Minimize infection risk

Infection risks can be mitigated by (1) maintaining colonies free from pathogens known to infect immunocompromised mice and (2) using appropriate barrier systems to shield recipients during the "at risk" phase, until reconstitution of all blood cell lineages is complete, which may take 21 days. It is important to carry out regular health screening to ensure that opportunistic organisms are absent, since clinical signs may not occur when animals are fully immunocompetent. Organisms of particular concern include Staphylococcus spp., murine Helicobacter spp., Pseudomonas aeruginosa and murine parvoviruses. As a minimum, it is recommended that colonies providing irradiated recipient mice are regularly screened.

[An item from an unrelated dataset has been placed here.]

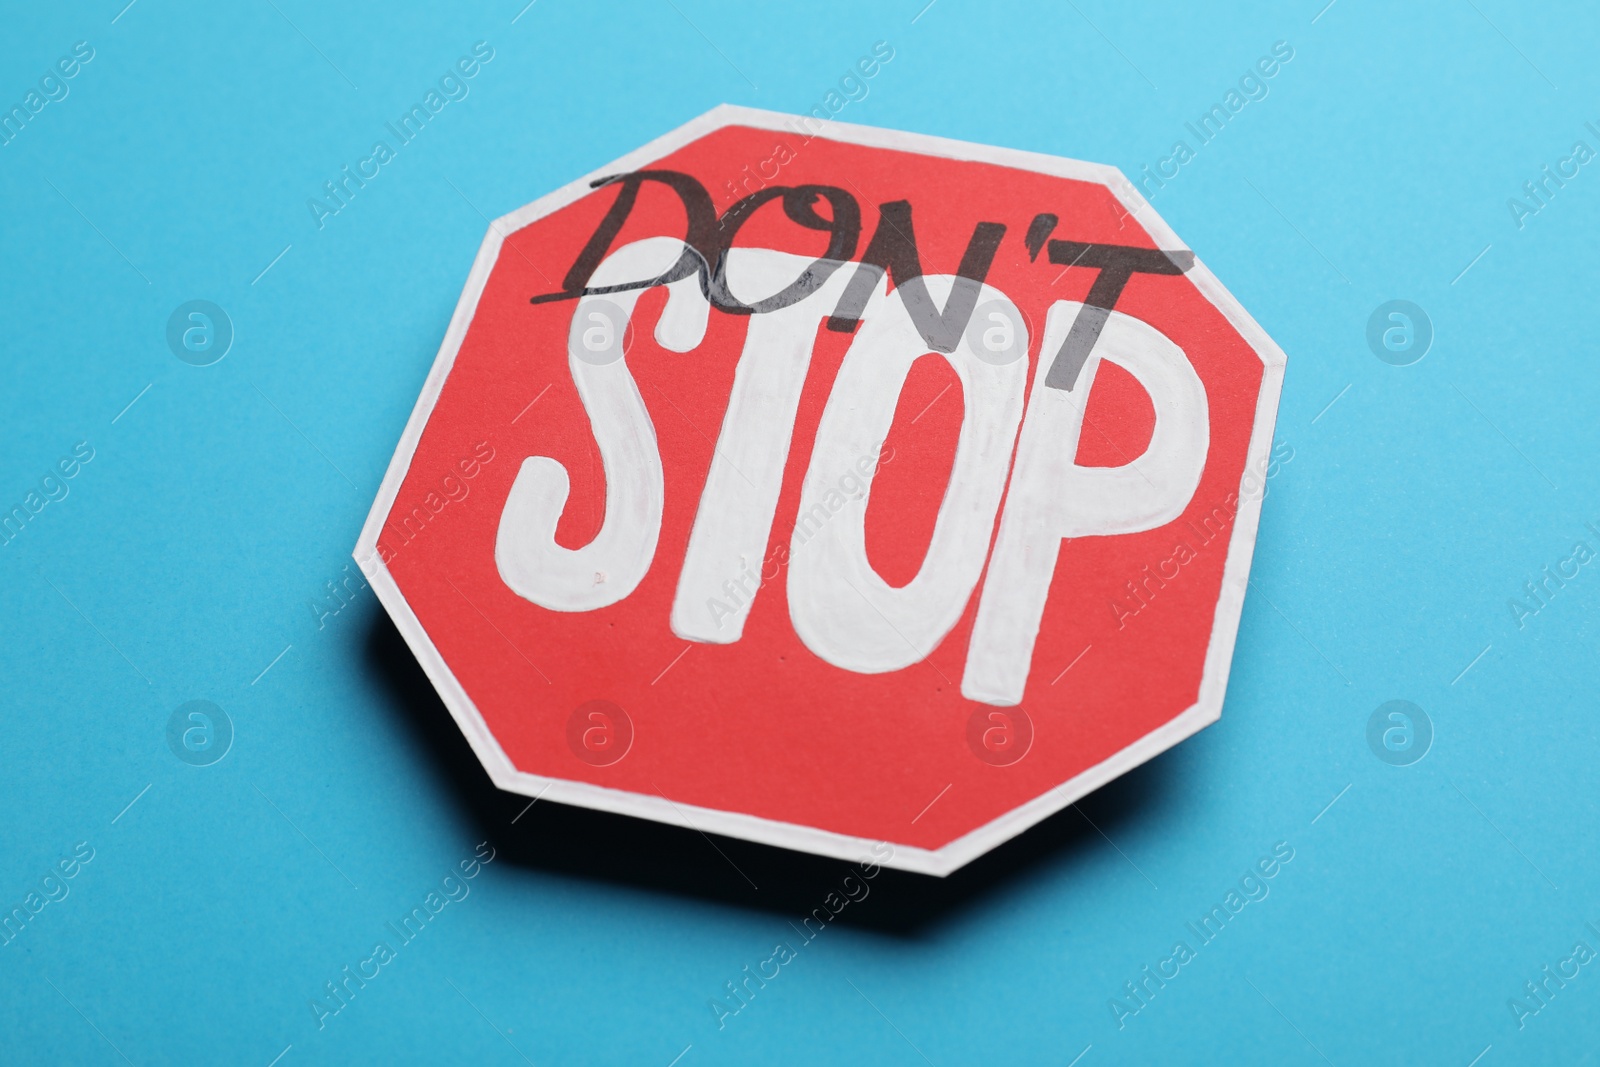 Photo of Don't stop - motivational phrase. Road sign sticker with added written text on light blue background

Mitigate effects of ablation on the gut

Bone marrow ablation using either irradiation or chemical methods can affect all tissues, but has the greatest impact on cells that are rapidly proliferating, especially the gut epithelium. Juvenile animals are also more affected than mature individuals, because the former are still growing. Damage to the gut lining can cause diarrhea and dehydration. In some cases, the protection from gut dwelling microbes entering the host peritoneal cavity or bloodstream is lost, causing peritonitis and septicemia.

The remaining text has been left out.